By Vic Carucci, Senior Editor
Jimmy Haslam and Joe Banner weren’t merely being polite Monday when they said the outgoing general manager and head coach of the Browns left the team in better shape than they had found it.
Haslam, the Browns’ owner, and Banner, the team’s chief executive officer, were stating a fact shared by others throughout the NFL.
The Browns have improved since Tom Heckert became their GM in 2010 and Pat Shurmur became their head coach a year later.
Obviously, it wasn’t enough of an improvement for them to keep their jobs. Fourteen wins in the time that Heckert had been with the Browns and nine in the time that Shurmur was with the team didn’t provide a compelling case for Haslam and Banner to stand pat, and on Monday they parted ways with Heckert and Shurmur.
But what remains of their brief legacy is compelling and is a significant factor in the search for a new coach, who will have a more expansive role than his predecessor, and someone to become either the new GM or director of player personnel.
There is a solid core of young players on the roster, some with exceptional talent that should only become more evident in years to come. There is a dynamic running back in rookie Trent Richardson, who should achieve elite status in his second season. There is, in Brandon Weeden, a quarterback who, at the very least, could sufficiently fill the starting spot for another year and, at the very most, could prove to be a long-term answer.
There is one of the league’s best cornerbacks in Joe Haden and a defensive tackle, in Phil Taylor, capable of being dominant. There is a team that, for the better part of 16 games, competed hard and held its own and very easily could have added about three more victories to its 5-11 record.
That’s a large part of the reason why, when Haslam said during a joint news conference with Banner that “this is a very attractive job,” it was easy to agree with him.
The new people who will join Banner in running the football operation won’t need to build something from scratch.
“There’s nobody that wants to have a winning team more than the two of us, OK?” Haslam said of himself and Banner. “But we’re going to do it in the right way and we’re going to build it in the right way, and we’ve got the core foundation. There were some good young players, and we need to add to it.”
Yes, as Banner pointed out, the Browns still have “a ways to go” on further enhancing the roster.

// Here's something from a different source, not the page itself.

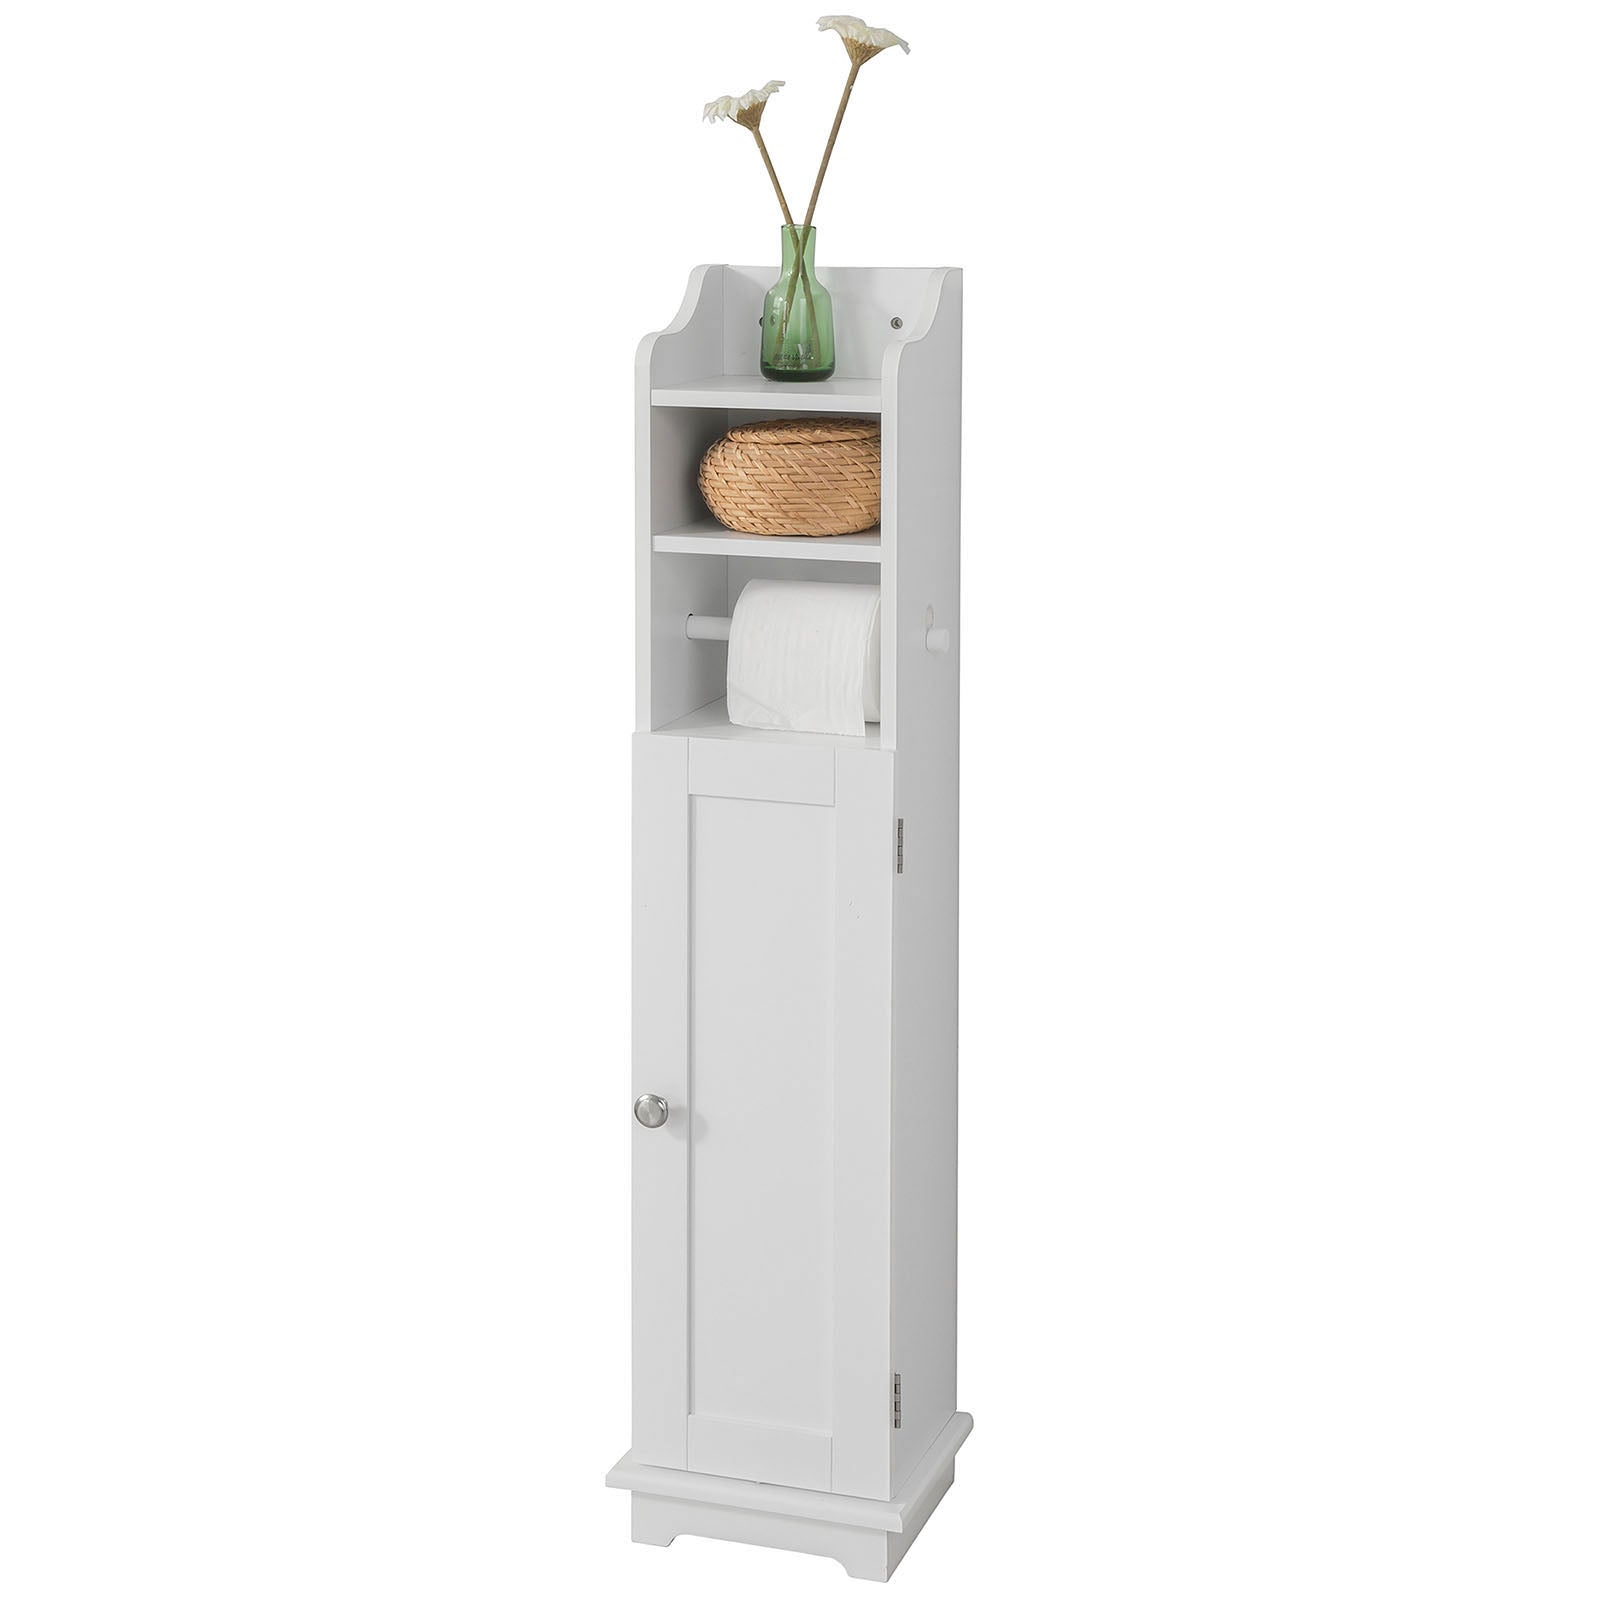 Haotian Free Standing Tall Bathroom Storage Cabinet, FRG236-W

But the task isn’t nearly as daunting as it was or might be elsewhere.
The Browns also can sell to the best candidates available something that didn’t previously exist: stable ownership that is fully invested in doing everything it takes to make the team a consistent playoff contender. Haslam and Banner, with his wealth of experience of running a top-flight NFL organization from the 19 years he spent with the Philadelphia Eagles, can approach prospective coaches with every bit as much to offer as any of the other NFL clubs with such vacancies – and probably more.
The sales job shouldn’t be difficult.
As Banner said, “We go into this extremely confident that we can go after the top people available – at least the top people in our opinion – and that we have a very good chance of being successful in convincing them that this is the right situation. Most of these top coaches are focused on finding a place where they think they can win, and we think we can make a very good case why this is the best opportunity in the league right now.”